++++ Provided records ++++

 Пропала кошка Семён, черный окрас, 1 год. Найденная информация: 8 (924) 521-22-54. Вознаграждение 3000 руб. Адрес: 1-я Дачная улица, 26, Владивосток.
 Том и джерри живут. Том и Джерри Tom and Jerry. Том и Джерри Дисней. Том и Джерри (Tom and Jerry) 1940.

++++
++++ Provided records ++++

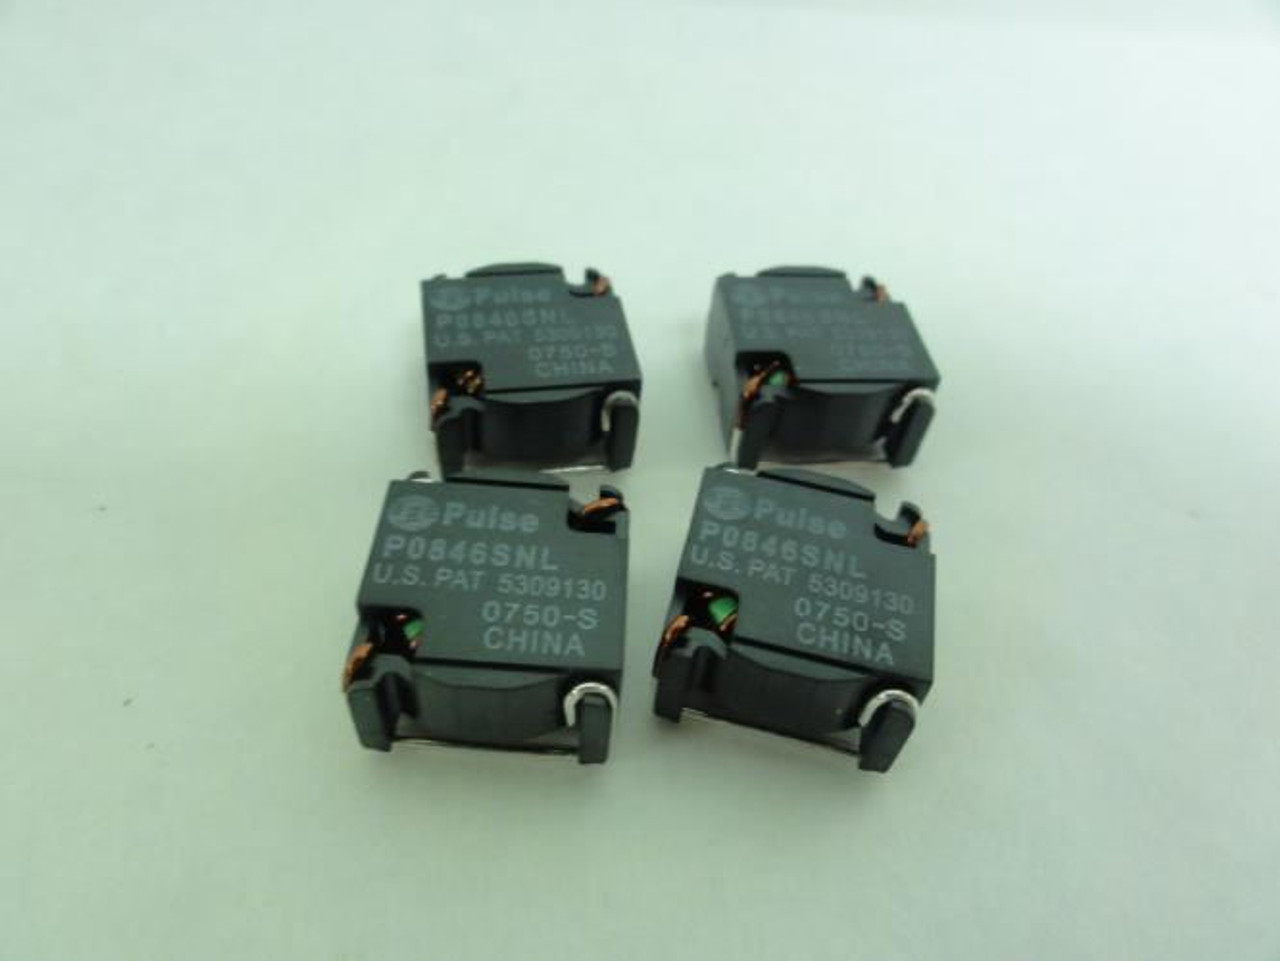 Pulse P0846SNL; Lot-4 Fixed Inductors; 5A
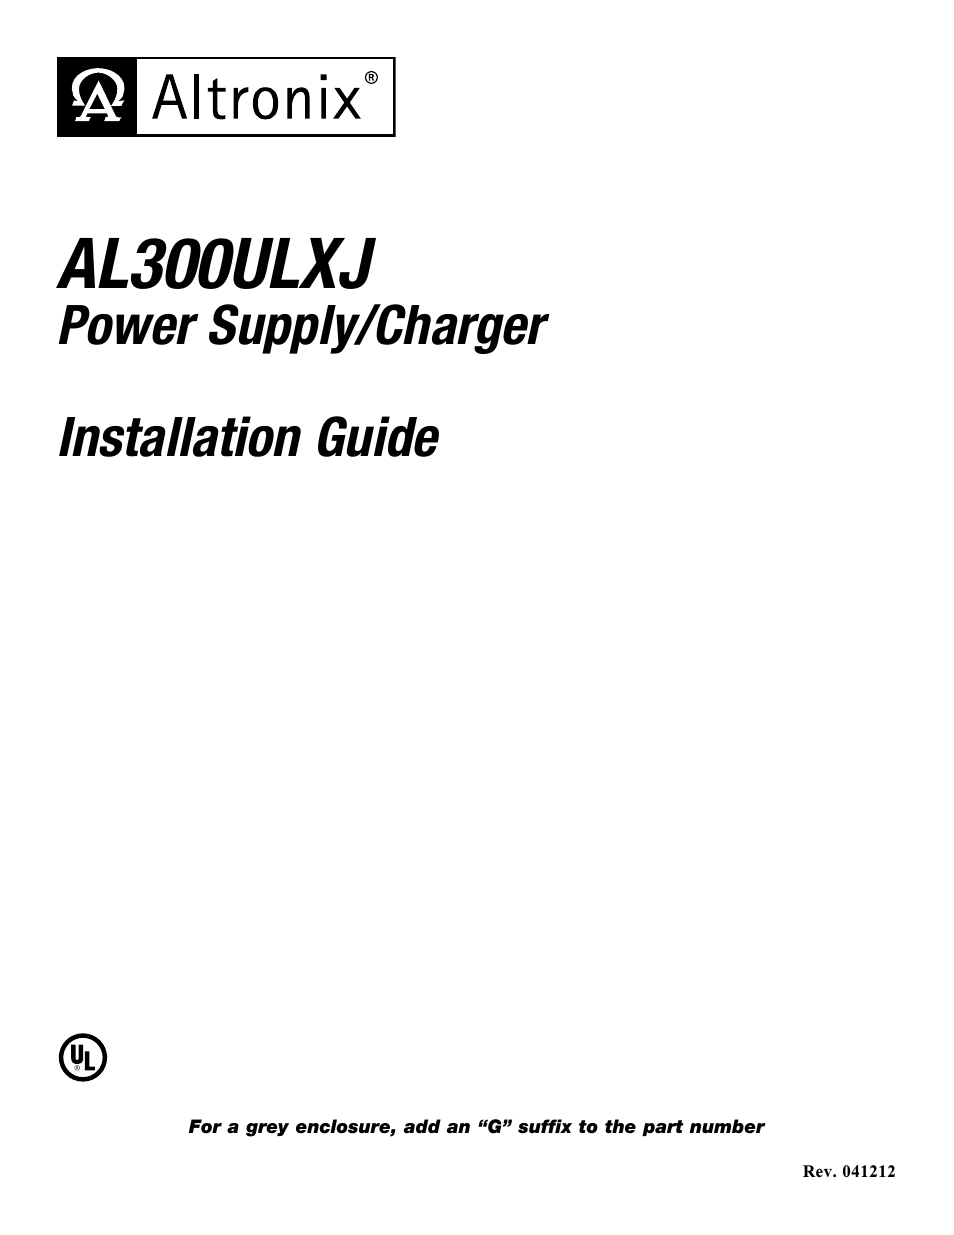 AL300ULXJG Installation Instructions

++++

> Work item
When you reach the line containing "Пропала кошка Семён, черный" in the data above, start copying exactly, and stop after the line containing "Том и джерри живут.".

> Worked solution
 Пропала кошка Семён, черный окрас, 1 год. Найденная информация: 8 (924) 521-22-54. Вознаграждение 3000 руб. Адрес: 1-я Дачная улица, 26, Владивосток.
 Том и джерри живут. Том и Джерри Tom and Jerry. Том и Джерри Дисней. Том и Джерри (Tom and Jerry) 1940.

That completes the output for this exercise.